Why might this be, you ask? Meet Eujin Jaela Kim, the principal of PS 169 in Sunset Park, Brooklyn.
Last month, a memo from the school's assistant principal gave students a heads-up that there would be no red stockings, reindeers or carols this year.
The letter told them that instead there would be a “harvest festival instead of Thanksgiving or a winter celebration instead of a Christmas party.”
He urged staff to “be sensitive of the diversity of our families. Not all children celebrate the same holidays”.
According to the New York Post, school administrators told PTA president, Mimi Ferrer: “We definitely can’t say Christmas, nothing with Christmas on it, nothing with Santa,”
“No angels. We can’t even have a star because it can represent a religious system, like the Star of David.”
And Kim isn’t the only principal to have a problem with Christmas.
In Italy, principal Marco Parma courted controversy last month by postponing the annual Christmas concert for primary school pupils until January and rebranding it a “winter concert” which will not feature any religious songs.

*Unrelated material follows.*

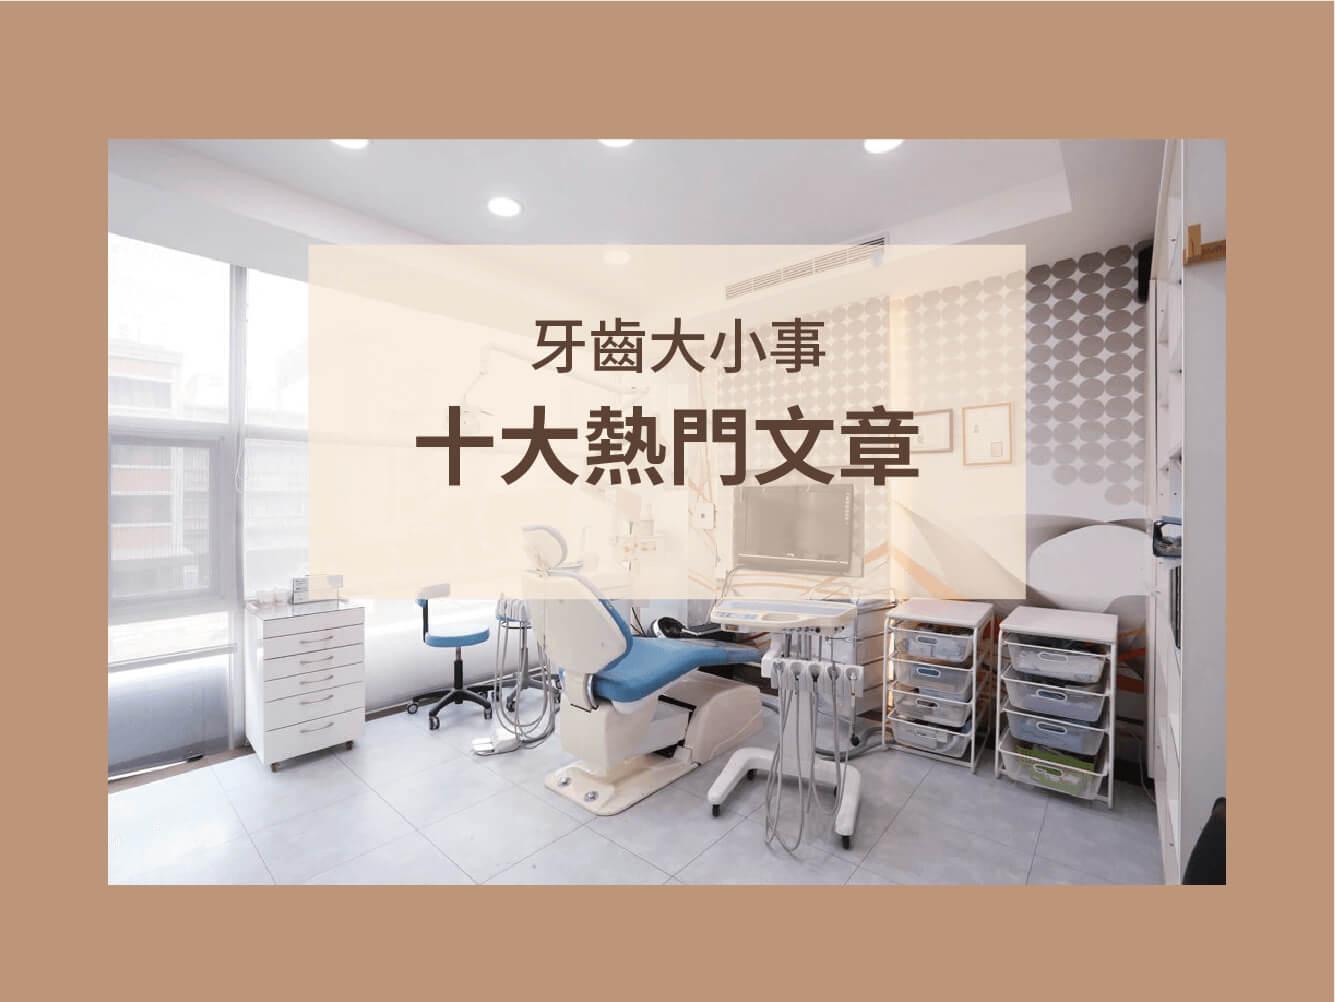 竹北品悅牙醫師們寫的十大熱門文章
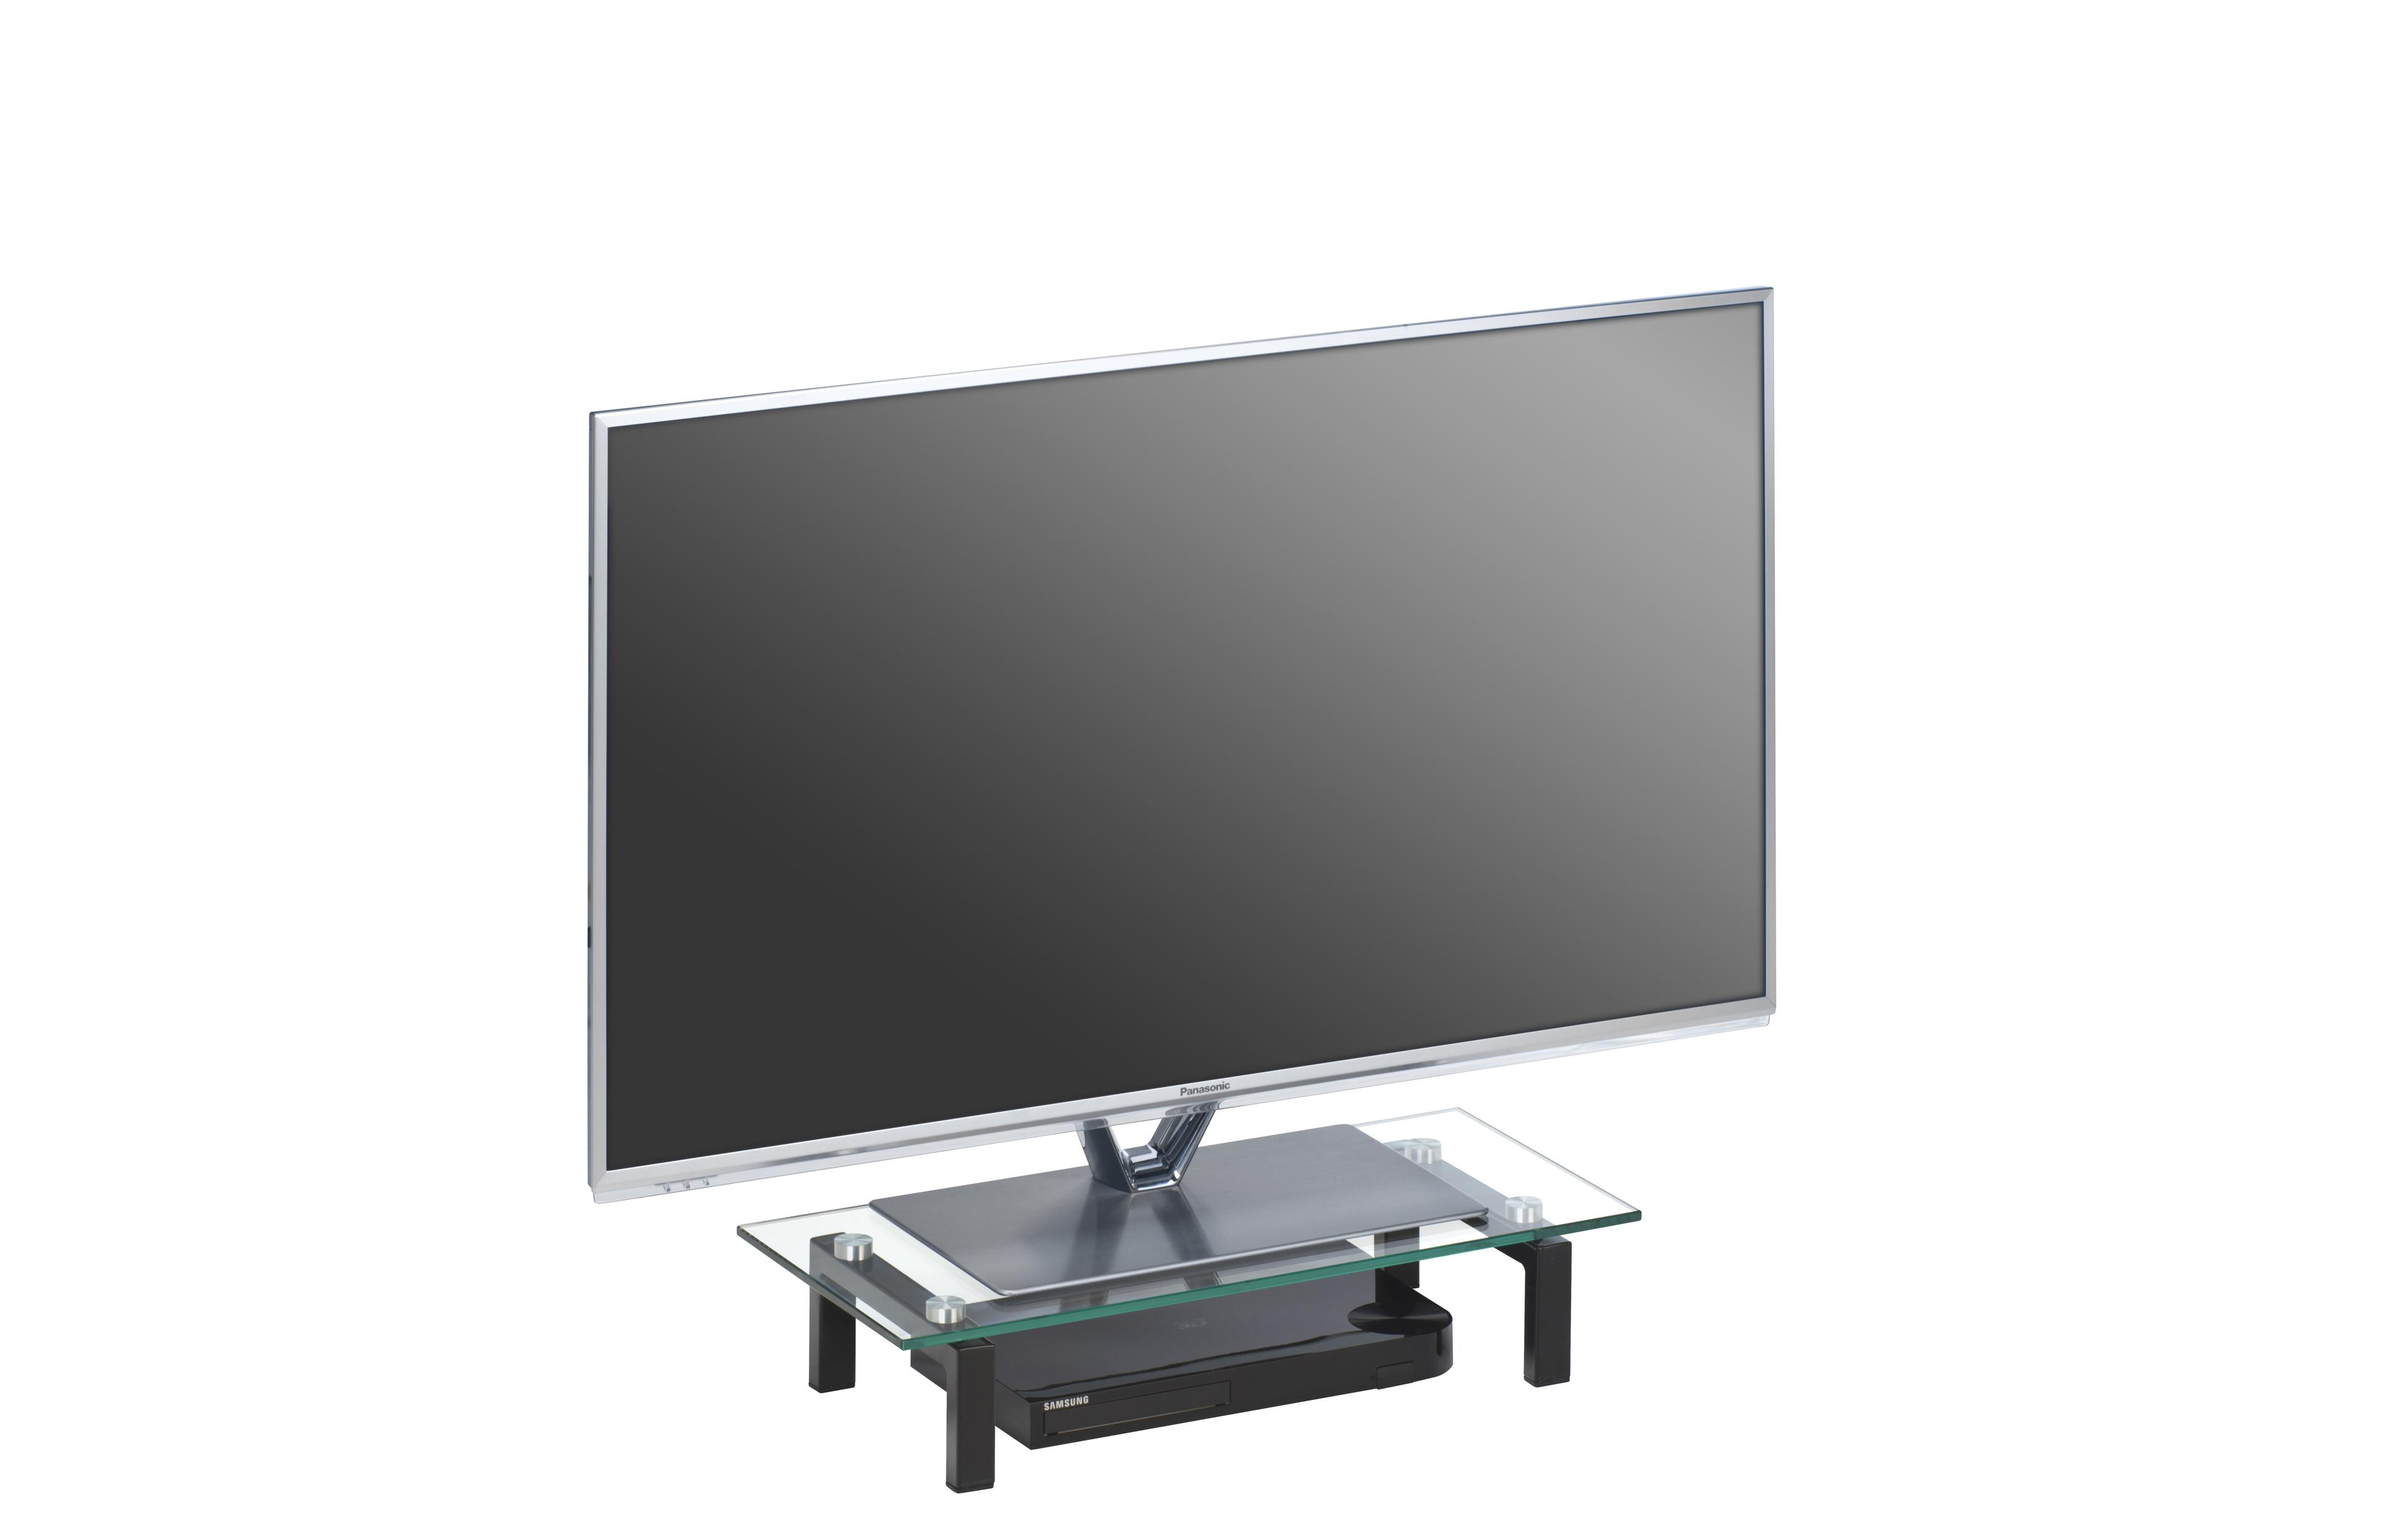 tv glasaufsatz podest ca 60 cm breit media 1602 von maja. Black Bedroom Furniture Sets. Home Design Ideas

The head of the Garofani comprehensive school in the small town of Rozzano has also turned down two mothers who wanted to teach Christmas carols to the children during lunchbreaks.
“In a multi-ethnic environment, it causes problems,” Parma said, saying his decisions had been influenced by an unhappy experience last year.
“Last year we had a Christmas concert and some parents insisted on having carols. The Muslim children didn’t sing, they just stood there, absolutely rigid.
“It is not nice watching a child not singing, or worse, being called down from the stage by their parents.”
Parma recently resigned after his decision was openly ridiculed by the Italian Prime Minister, Matteo Renzi.